The piece also links the national debate to regulatory action from years past. It notes that Minnesota, in context, championed the 2014 Money Remittances Improvement Act, which the column says pushed the U.S. Treasury and state regulators to rely on looser controls for international money transfers by nonbank entities. The column argues that such measures helped enable cross-border misappropriation of funds, including transfers to Mogadishu, and that this regulatory posture has fed into broader concerns about how welfare dollars are moved and monitored. The narrative frames these dynamics as a cautionary tale for other states with similarly large welfare and Medicaid programs, including New York.

In New York, the article contends, the stakes are larger still, with Medicaid outlays totaling about $116 billion annually. The column highlights the Consumer Directed Personal Assistance Program (CDPAP), a program that pays in-home aides to assist Medicaid-eligible relatives and has grown to about $11 billion a year in outlays. According to the piece, New York Gov. Kathy Hochul has acknowledged concerns about the program but has pursued a plan to manage CDPAP through a private contractor rather than through broader program reforms. The column argues that this approach has limited impact on controlling costs and, in some respects, may have amplified them by entrenching the role of a powerful personal-assistance workforce. It notes that nearly 300,000 personal assistants are involved, and that unionization efforts led by 1199 SEIU are expected to raise costs further. The article characterizes the broader New York governance landscape as being marked by close ties between policy makers, nonprofit organizations, and industry groups, which it says can obscure where money goes and how effectively it serves the needy.

The author argues that these dynamics reflect a broader political pattern: progressives who push expansive social programs sometimes pursue cash-rich approaches to funding without sufficient scrutiny of program outcomes or fraud controls. The piece contends that New York’s welfare state may harbor nonprofit profiteers just as Minnesota’s did, but with greater political clout and more effective concealment. It presents a provocative view that accountability gaps in one state may be mirrored in another, inviting readers to question how similar safeguards are or are not being applied across large-scale welfare programs.

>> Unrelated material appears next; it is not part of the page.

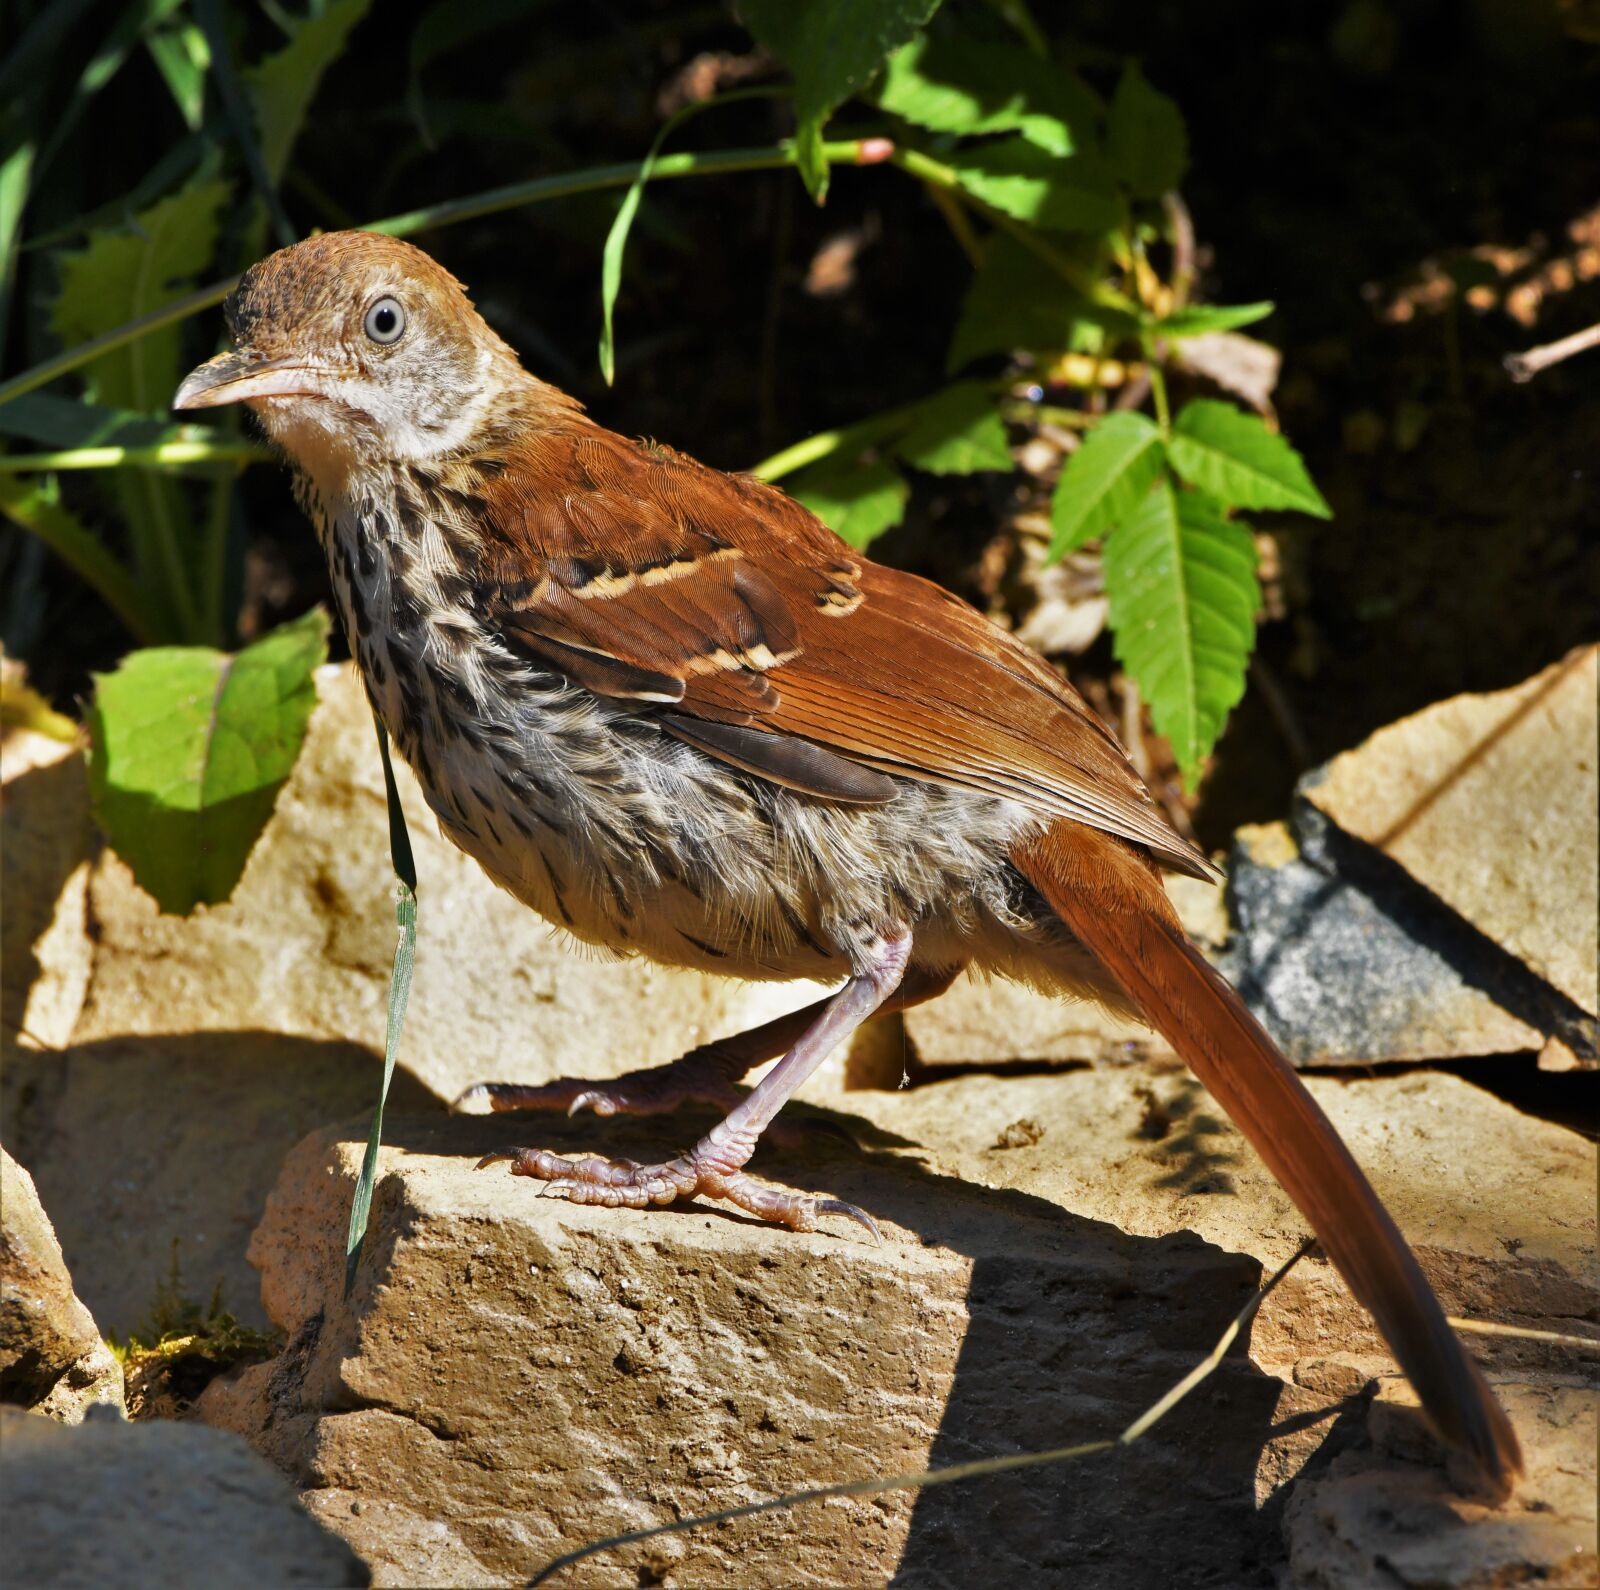 Nikon D850 sample photo. Bird, feathers, brown photography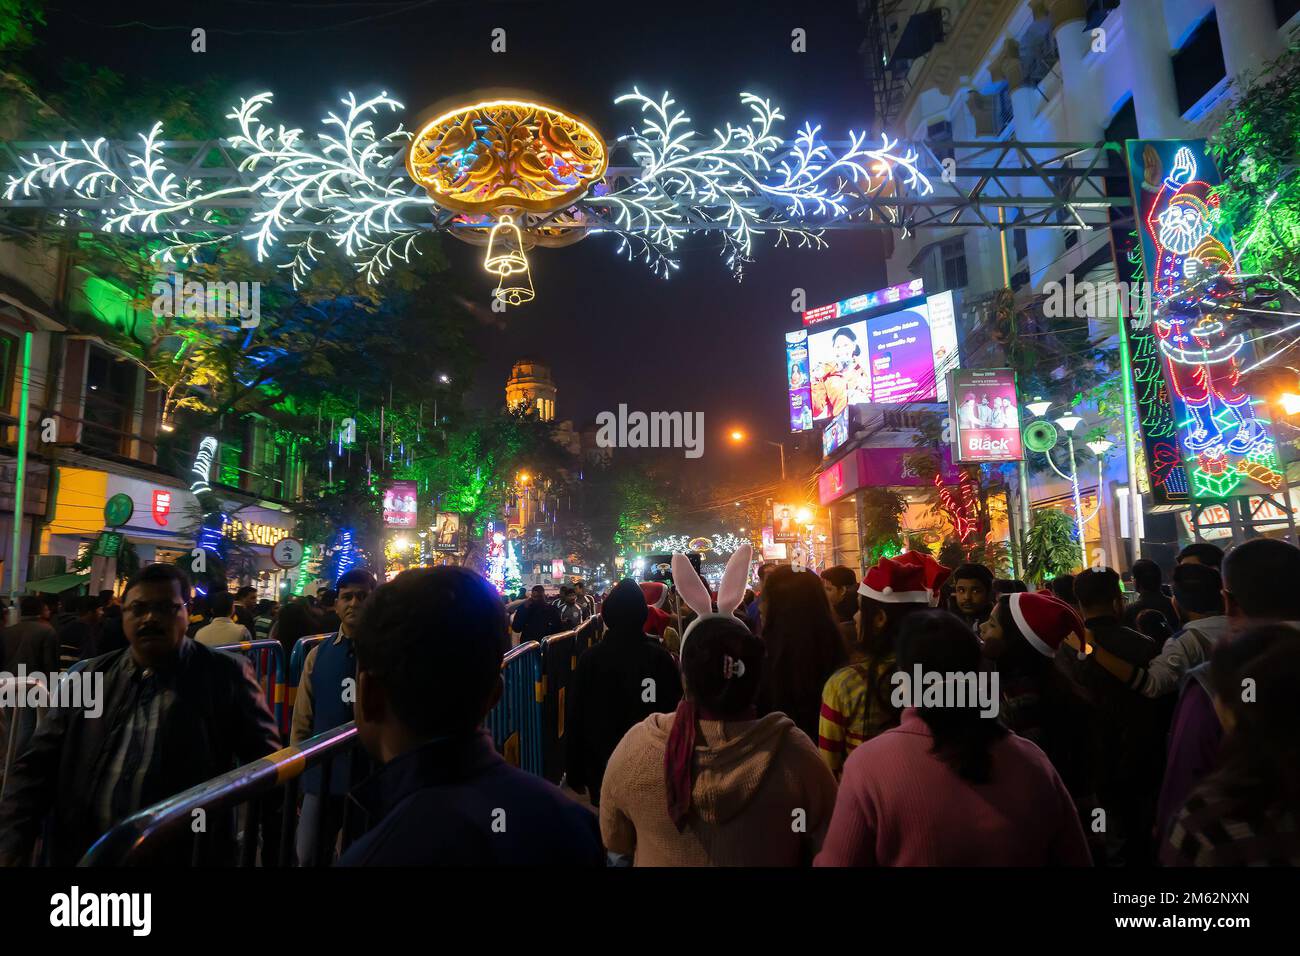 Kolkata, Bengala Occidental, India - 26.12.2018 : Los jóvenes se divierten en la calle del parque iluminado y decorado con luces y festivo fin de año Foto de stock

The column acknowledges that Minnesota’s cases have produced indictments and drawn national attention to welfare program integrity, while acknowledging that New York’s system is more sprawling and complex. It frames ongoing investigations and audits as essential to understanding whether the region can maintain robust services for those in need without permitting waste, fraud, or abuse to erode public confidence. The piece stops short of endorsing specific remedies, but it urges policymakers to scrutinize spending patterns, tighten oversight mechanisms for in-home care programs, and ensure that regulatory structures keep pace with program growth.

In sum, the column paints a stark portrait of welfare spending as a nexus of fraud risk and political incentives, urging a balanced debate about safeguarding taxpayer dollars while protecting the vulnerable. As Minnesota pursues prosecutions and New York weighs its own oversight questions, the central question remains: how to shield public funds from abuse without undermining the programs designed to help the neediest citizens?